Let’s start by importing the SpectralClustering class from the cluster module into Scikit-learn:
from sklearn.cluster import SpectralClustering
Next, let’s define our SpectralClustering class instance with five clusters:
spectral_cluster_model= SpectralClustering( n_clusters=5, random_state=25, n_neighbors=8, affinity='nearest_neighbors' )
Next, let’s define our model object for our inputs and store the results in the same data frame:
X['cluster'] = spectral_cluster_model.fit_predict(X[['Age', 'Spending Score (1-100)']])
Finally, let’s plot our clusters:
fig, ax = plt.subplots() sns.scatterplot(x='Age', y='Spending Score (1-100)', data=X, hue="cluster", ax=ax) ax.set(title="Spectral Clustering")
We see that clusters one, two, three and four are quite distinct while cluster zero looks quite large. Generally, we see some of the same patterns with groups of clusters as with K-means and GMM, although the previous methods gave better separation between the clusters. Again, spectral clustering is best suited for problems involving much larger datasets, such as those with hundreds to thousands of entries and millions of rows.

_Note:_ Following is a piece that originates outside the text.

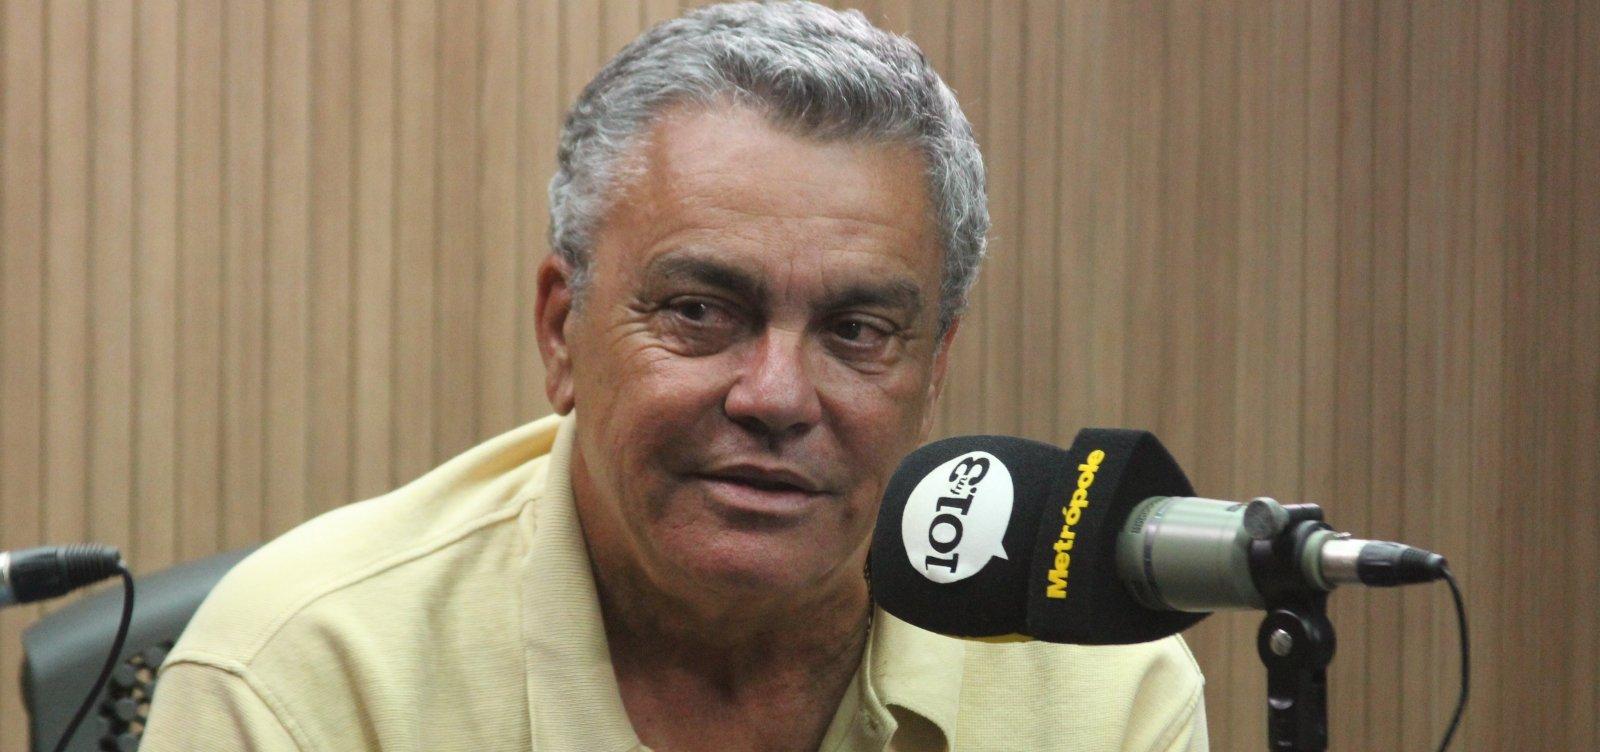 [Vitória apresenta protocolo de retorno aos treinos e presidente critica Bolsonaro: 'Tinha que internar']

The code for this article is available on GitHub.
Add clustering to your toolbox
Although we have only considered cluster analysis in the context of customer segmentation, it is broadly applicable to a wide range of industries. The clustering methods we have discussed have been used to solve a wide range of problems. K-means pooling was used to identify vulnerable patient populations. Gaussian mixture models have been used to detect illegal market activities such as fraudulent trading, pump and dump and stuffing of quotes. Spectral grouping methods have been used to solve complex health problems such as grouping of medical terms for the discovery of health care knowledge.
No matter what industry, any modern organization or business can find great value in being able to identify important clusters from their data. Python provides many easy-to-implement tools for performing cluster analysis at all levels of data complexity. In addition, having a good knowledge of the methods that work best given the complexity of the data is an invaluable skill for any data scientist. What we’ve covered provides a solid foundation for data scientists starting to learn how to perform cluster analysis.